JAK2 V617F and ringed sideroblasts: not necessarily RARS-T

To the editor:

In early 2005, shortly after the first recognition of JAK2 V617F mutations in Philadelphia-chromosome negative myeloproliferative disorders (MPD),¹  we reported in Blood²  that patients with myelodysplastic syndromes (MDS) and atypical MPD sometimes have JAK2 V617F, too, albeit uncommonly. These findings were quickly confirmed by others.^3,4 

Among the 101 MDS patients in our original cohort, we detected JAK2 mutations by DNA sequencing in 5 patients, and 2 of those 5 were reported as having refractory anemia with ringed sideroblasts (RARS).²  Since our 2005 publication, many readers have requested additional details about those 2 patients. This interest has been driven by the discovery that JAK2 V617F is detectable in up to 67% of patients meeting World Health Organization diagnostic criteria for the provisional entity RARS with thrombocytosis (RARS-T), an MDS-MPD overlap syndrome.^5-9  However, neither of our 2 patients with JAK2 V617F-positive RARS ever exhibited thrombocytosis or any other myeloproliferative features.

The first patient developed mild anemia at age 47, and was found to have a hypercellular marrow with mild dyserythropoiesis and “abundant” ringed sideroblasts.
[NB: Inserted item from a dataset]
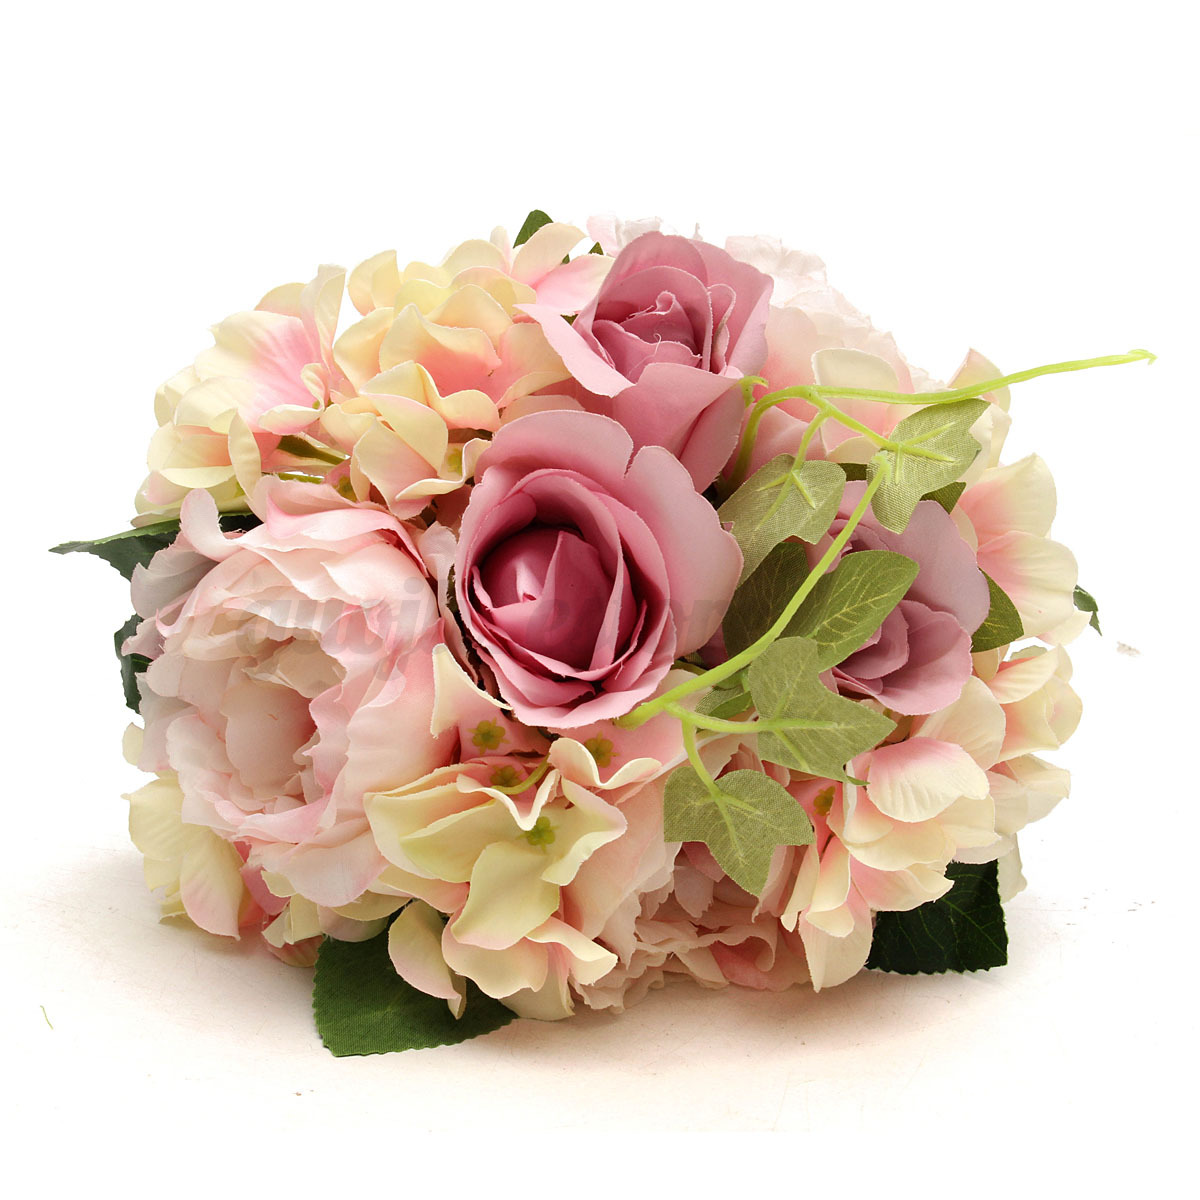 Artificial rose bridal bridesmaid flowers hand bouquet wedding party artificial rose bridal bridesmaid flowers hand bouquet wedding izmirmasajfo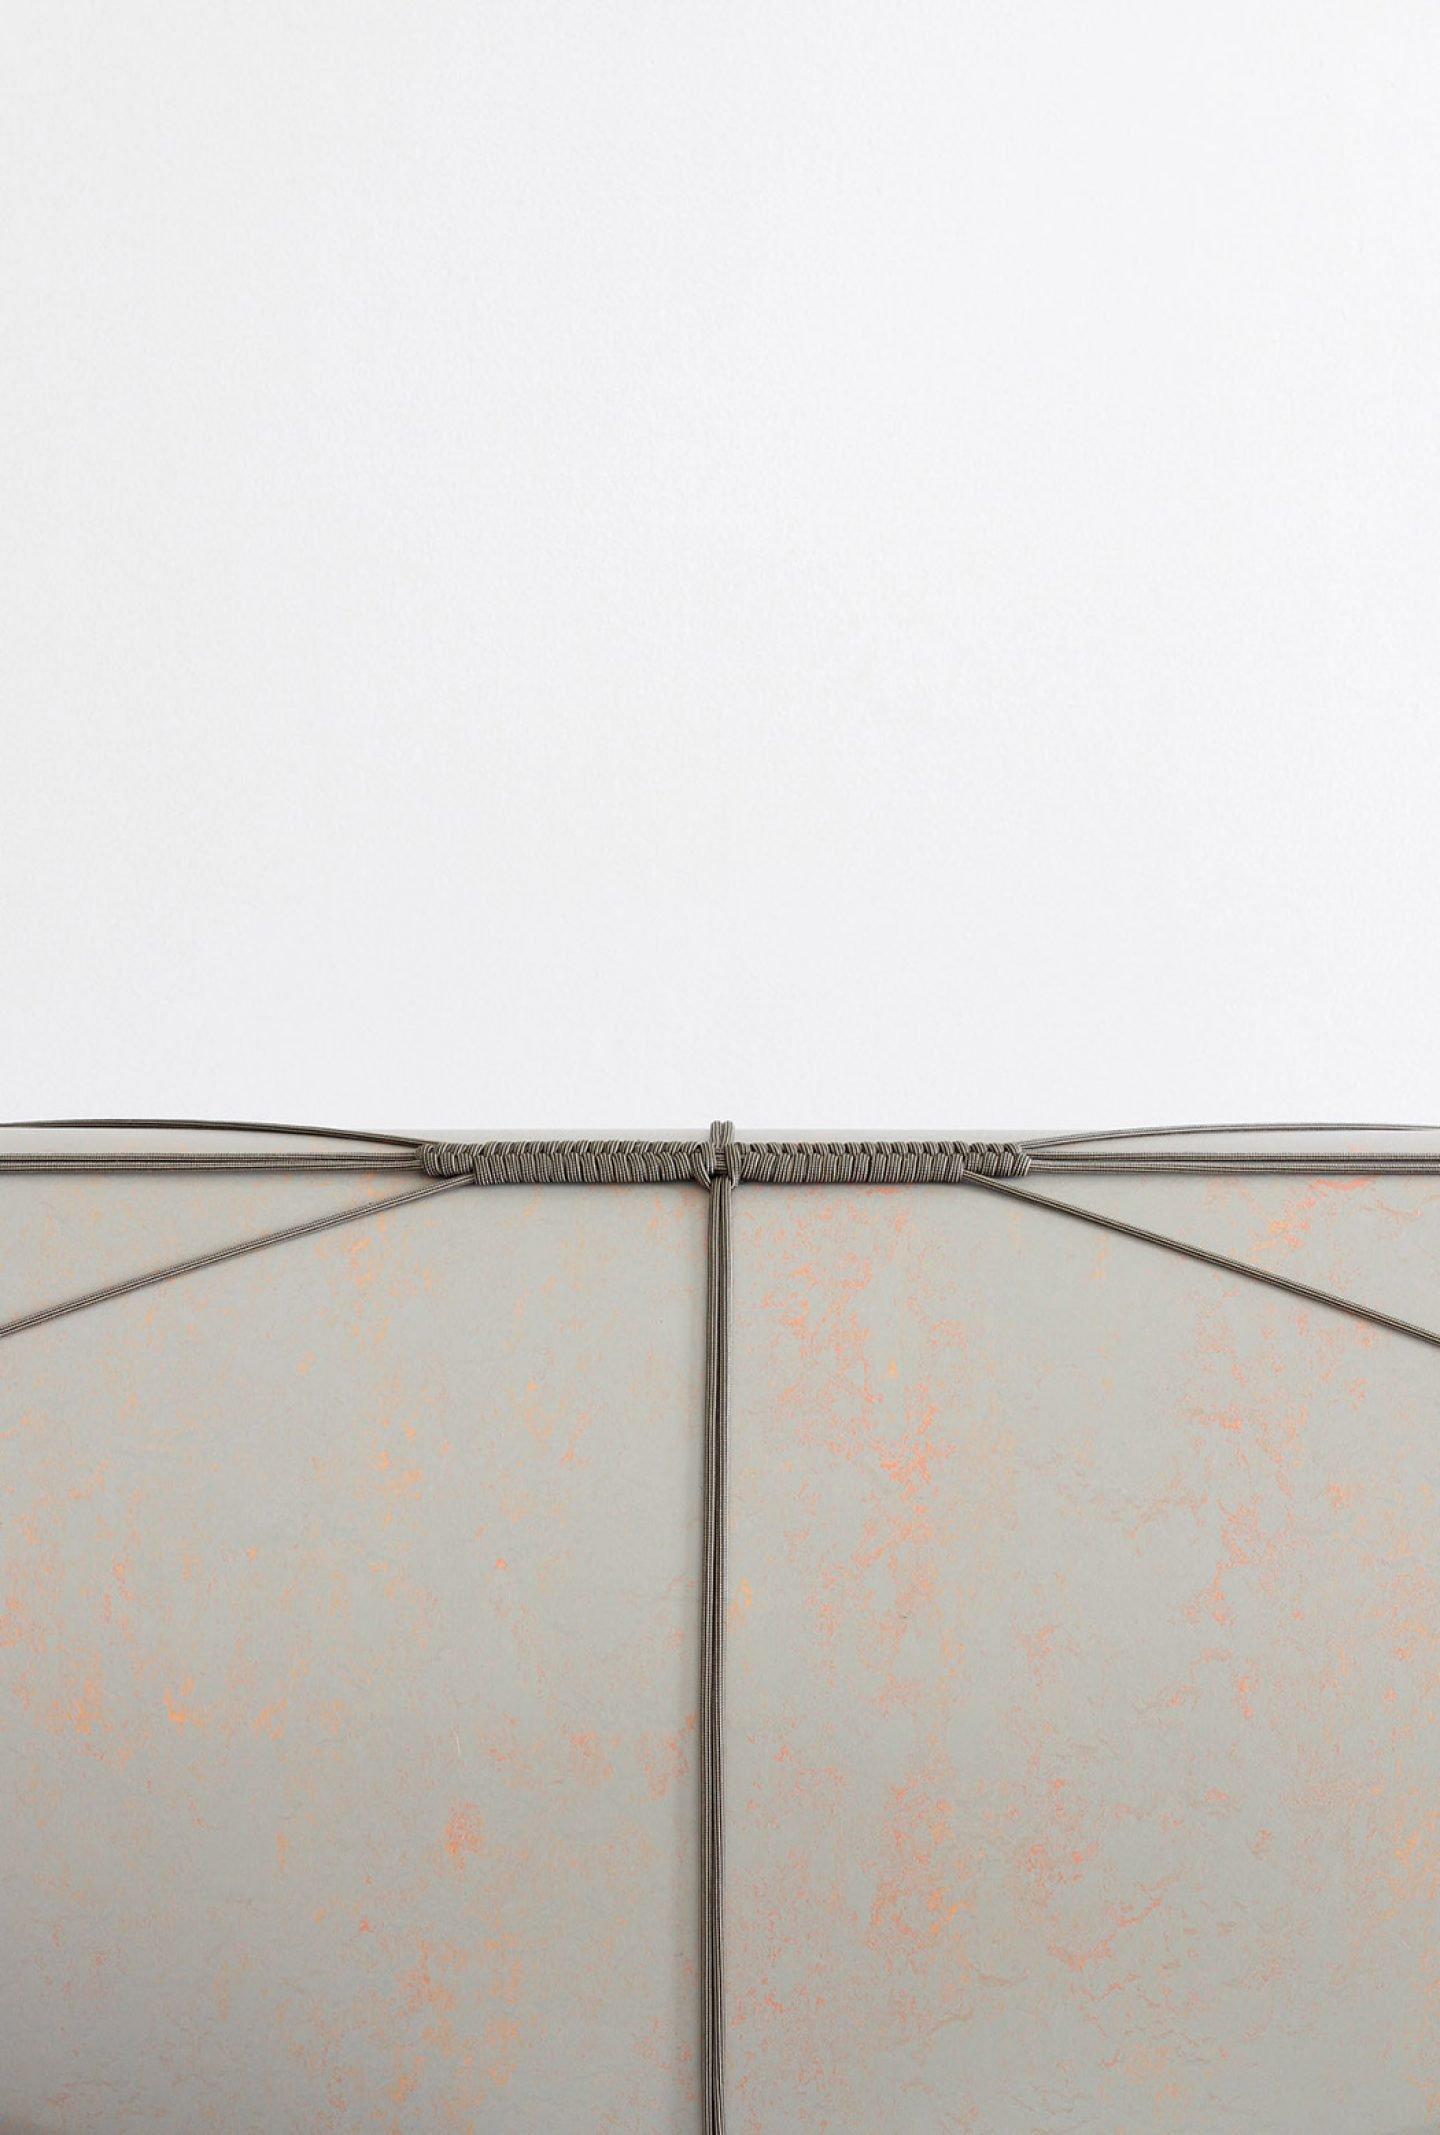 iGNANT_Design_Maarten_Kolk_Guus_Kusters_Bound_Stool_Bound_Bench_5

He was followed without specific therapy for 24 years; the platelet count was always within the normal range. He first presented to our institution at age 71 with a hemoglobin of 92 g/L (9.2 g/dL), mean corpuscular volume (MCV) 114 fL, white count of 4.4 × 10⁹/L with an unremarkable differential, and a platelet count of 371 × 10⁹/L. There was no organomegaly. The marrow was 95% cellular with 50% ringed sideroblasts, erythroid-predominant multilineage dysplasia without any fibrosis or megakaryocyte clustering, less than 5% blasts, and 46, XY karyotype. A research sample was obtained and later tested positive for JAK2 V617F. Multiple therapies were attempted, but all proved ineffective, and the patient died at age 79 of congestive heart failure.

The second patient presented at age 61with mild anemia and dimorphic erythrocyte morphology, shortly after completing radiotherapy for localized angiosarcoma of the vulva. Her initial bone marrow aspirate was normocellular and considered nondiagnostic, though 10% ringed sideroblasts were seen. Four years later, her hemoglobin had fallen to 70 g/L (7.0 g/dL) with MCV of 94 fL; her white count was 3.6 × 10⁹/L with an unremarkable differential, and platelet count was 153 × 10⁹/L. Organomegaly was always absent. Her marrow was 80% cellular with 60% ringed sideroblasts, striking dyserythropoiesis with normal granulopoiesis and rare hypolobated megakaryocytes, less than 5% blasts, and absent reticulin. Karyotype was 46, XX, and JAK2 V617F was present. After multiple treatments failed, the patient was maintained with transfusion support alone, and she died of congestive heart failure at age 70.

Our collective understanding of the diagnostic utility and pathophysiologic role of JAK2 V617F in myeloid disorders has evolved rapidly since 2005, but these 2 patients—both of whom had a mutant allele burden more than 30%—illustrate that much is not yet cut-and-dried. The significance of the JAK2 V617F clone in these 2 cases is unclear, because neither showed any hint of proliferative features. Just as JAK2 mutations do not alone make a diagnosis of MPD, and ringed sideroblasts do not necessarily mean RARS (or MDS), JAK2 V617F plus ringed sideroblasts does not automatically imply RARS-T.⁷  For instance, we and others^7,10  have cared for patients with a clinical picture otherwise consistent with primary myelofibrosis or essential thrombocythemia, who have also had some ringed sideroblasts - often not enough to meet the arbitrary 15% threshold necessary for a diagnosis of RARS or RARS-T, but present nevertheless.

Congenital sideroblastic anemia syndromes can be caused by diverse mutations that impair heme biosynthesis or mitochondrial iron processing (eg, ALAS2, ABCB7, and others).¹¹  It seems likely that the presence of ringed sideroblasts in MDS/MPD will eventually be linked to acquired, clonally-restricted mutations with similar effects.¹²  As with JAK2 V617F, these acquired mutations may not prove to be disease-defining, but might instead act as phenotype-driving clonal markers, with the specific phenotype dependent on the particular mutation repertoire.

Ringed sideroblasts are important because they provide an unambiguous marker of abnormal erythropoiesis. But their significance should not be overstated. As the JAK2 story has reminded us, little in hematology, or biology, is so straightforward.